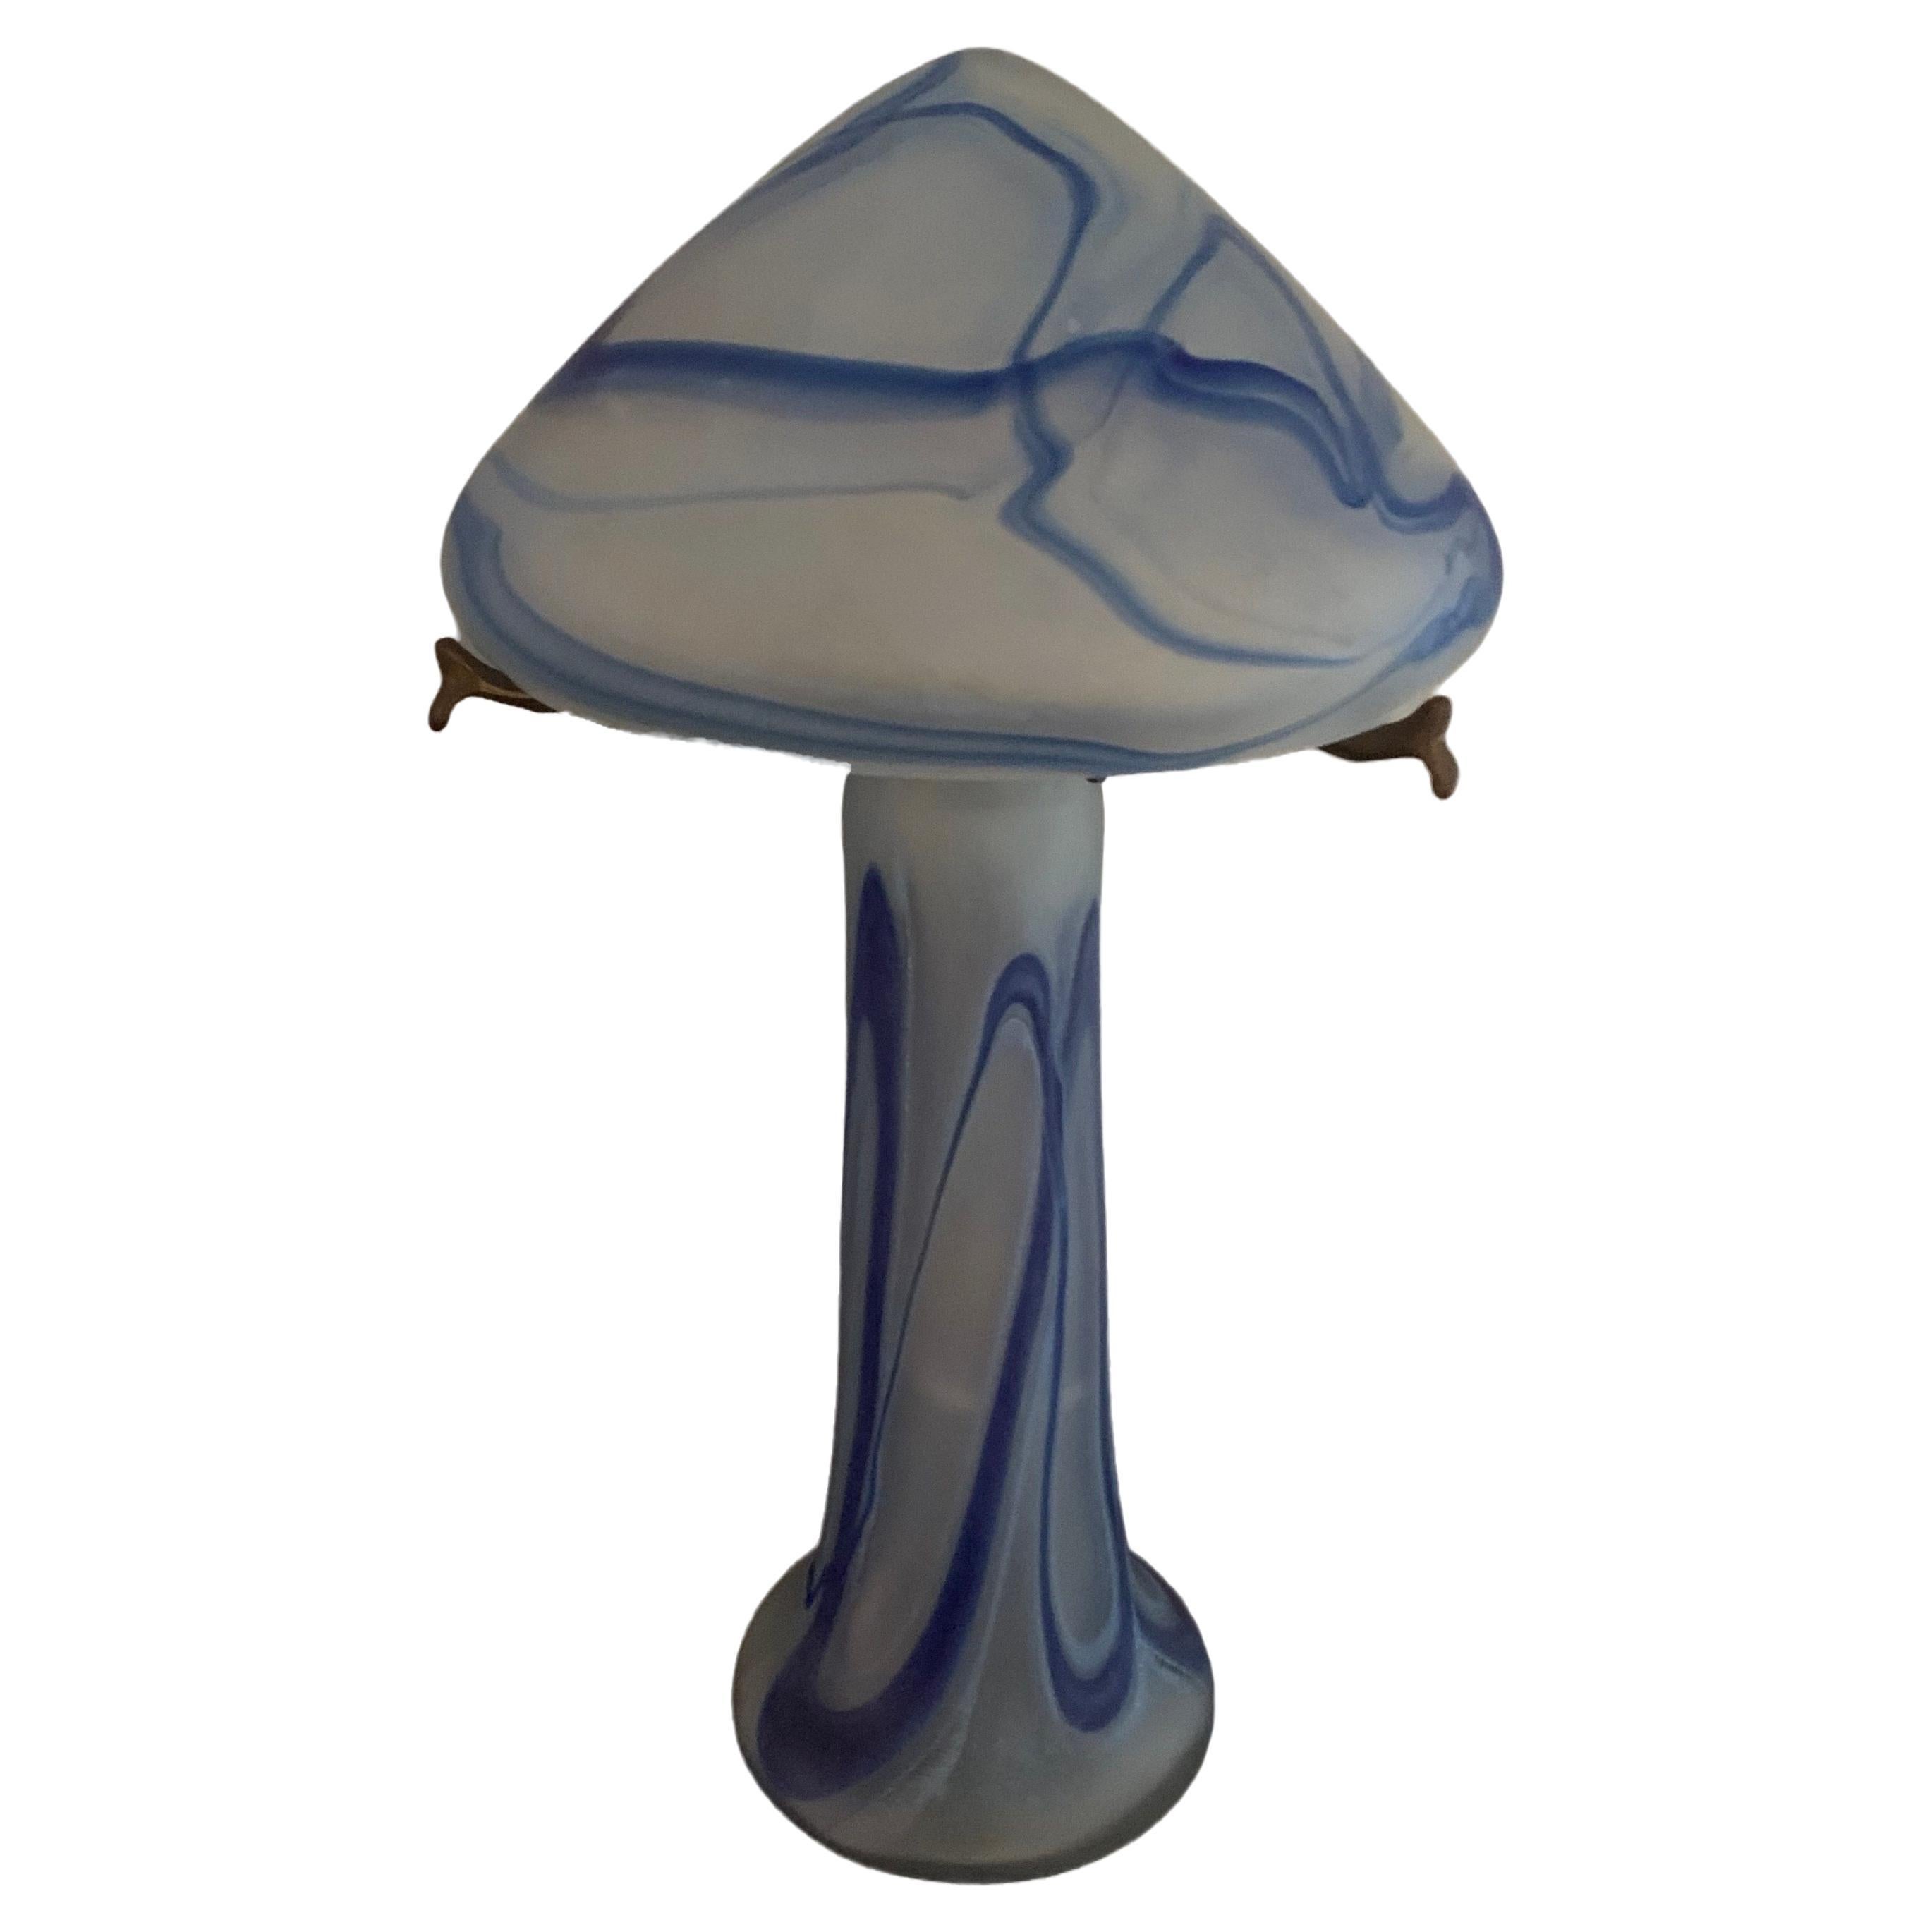 Exquisite Art Nouveau lamp made in France. 

Traditional mushroom shape with a pointed dome. Glass base and the two pieces all come together with a brass stem that attaches to the base. 

Blue, white and clear glass. 

Circa 1900s. 

There is a
# # # #
## WORK ORDER
From the first line to the last, please copy the data exactly, with the pictures left out.

## RESULT OF THE EXERCISE
 Exquisite Art Nouveau lamp made in France. 

Traditional mushroom shape with a pointed dome. Glass base and the two pieces all come together with a brass stem that attaches to the base. 

Blue, white and clear glass. 

Circa 1900s. 

There is a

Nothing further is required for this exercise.